To conclude, the body simply does what it has to do to breathe. Form follows function. Nasal congestion forces mouth breathing. The form of the mouth changes to accommodate this function including: narrowing of the upper arch, high palate (roof of mouth), distorted jaw, tongue thrust, open lips, malalignment of teeth, and open mouth. The modification of these structures remains through adulthood. To allow the mouth breathing habit to continue results in orthodontic problems, a permanently under-developed nasal passageway, speech problems, appearance problems, premature dental breakdown, possible jaw joint problems and associated headaches. It has been stated that fifty to eighty percent of all orthodontic problems are related to or caused by tongue thrusting. Severe orthodontic and jaw malformation requires surgery. With so many serious potential problems, parents should carefully observe infant health and not accept chronic runny noses, ear, adenoid and tonsil infections and mouth breathing as normal.

Once habits are established and, if the child is between four and twelve years of age, speech and myofunctional therapy may help to retrain the tongue.

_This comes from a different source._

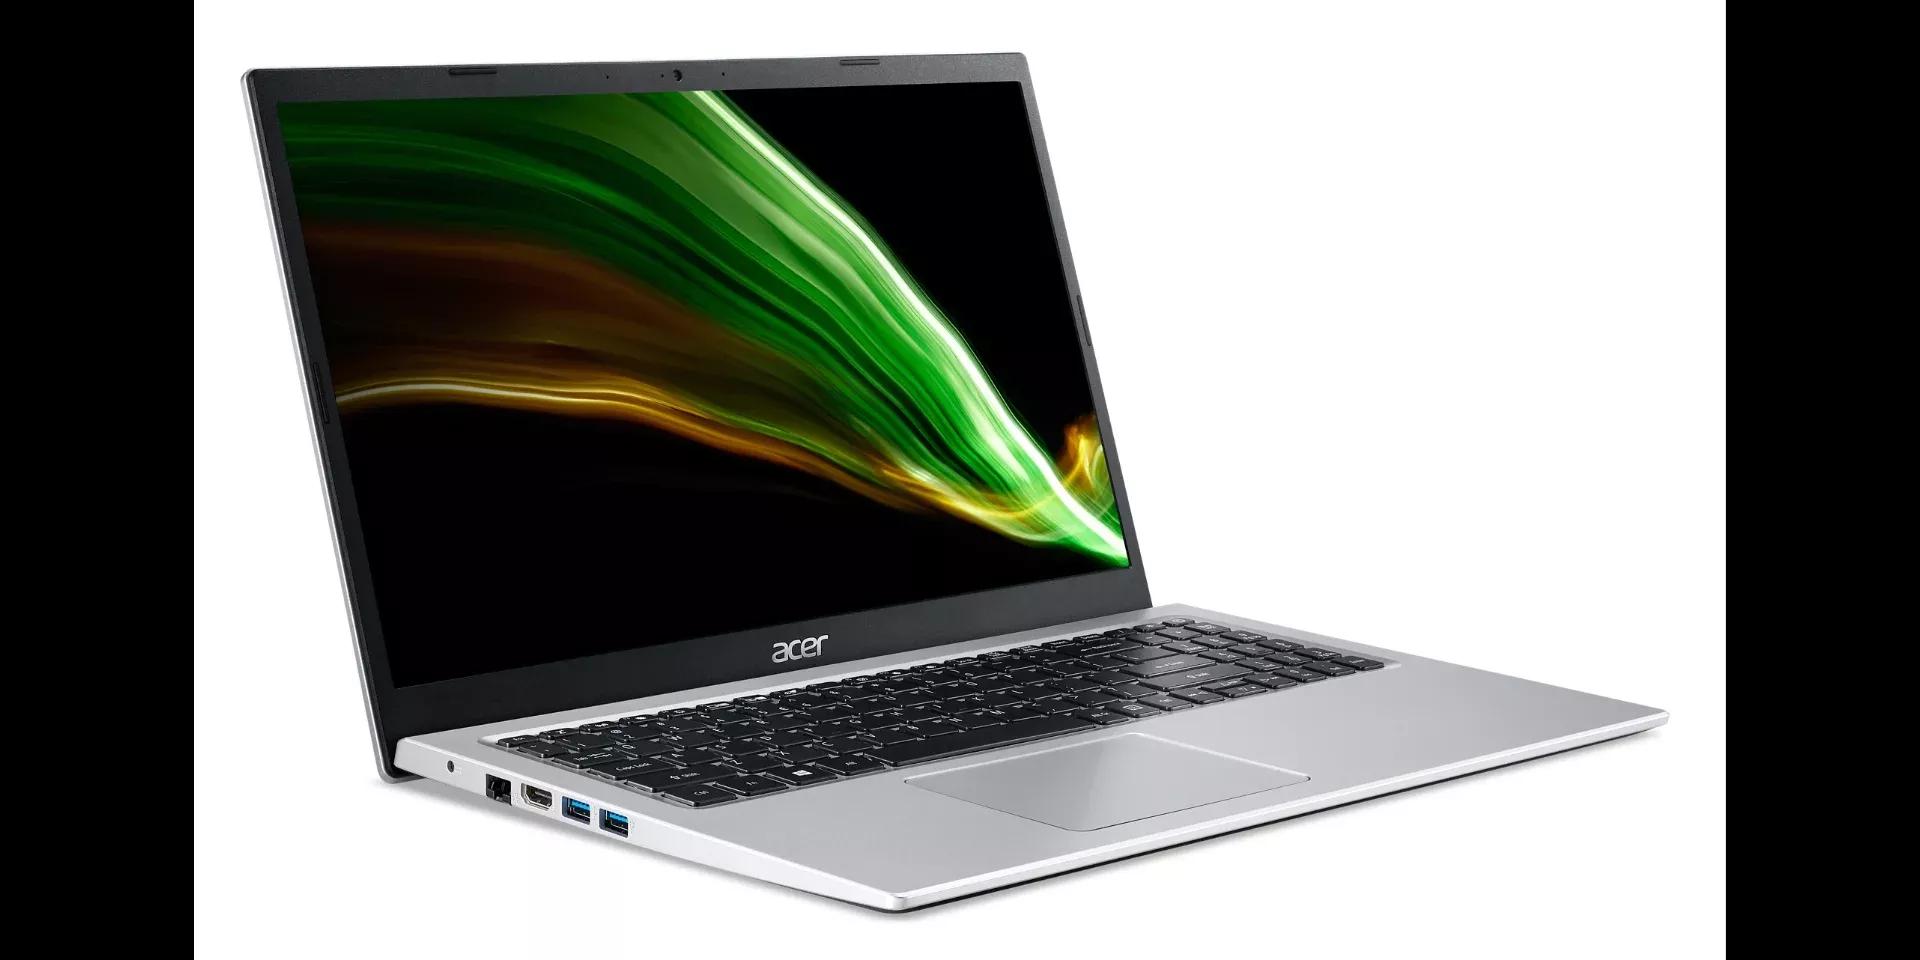 Acer Aspire 3 2021 i3 11Th Gen / 4GB RAM / 1TB HDD / 15.6" FHD Display

If orthodontic care is eminent, the post-orthodontic retainer may need to be worn for the rest of the patient's life, as long as the tongue thrust habit continues and pushes on the teeth.

If the above conditions exist, begin the process of identifying the cause. If the infant is on cow's milk or demonstrates sensitivity to any dairy products, switch this in totality to a substitute. Registered, trained dietitians now recommend no cow's milk, wheat or egg whites until after one year of age due to the allergenic potential for these products. Consult your pediatrician or dietitian for guidance. If the cause is not food, it could be environmental such as dust, hay fever, or animal (pet) allergy. Be diligent and patient and pursue this issue until resolved.

Parents and their young children will be greatly rewarded by efforts to identify the cause of congestion. This, indeed, can impact an infant's development, function, appearance, comfort, health and future. This will also prevent much pain and suffering, time and expense chasing to the doctor's office for the treatment of many symptoms and consequences of this very common problem.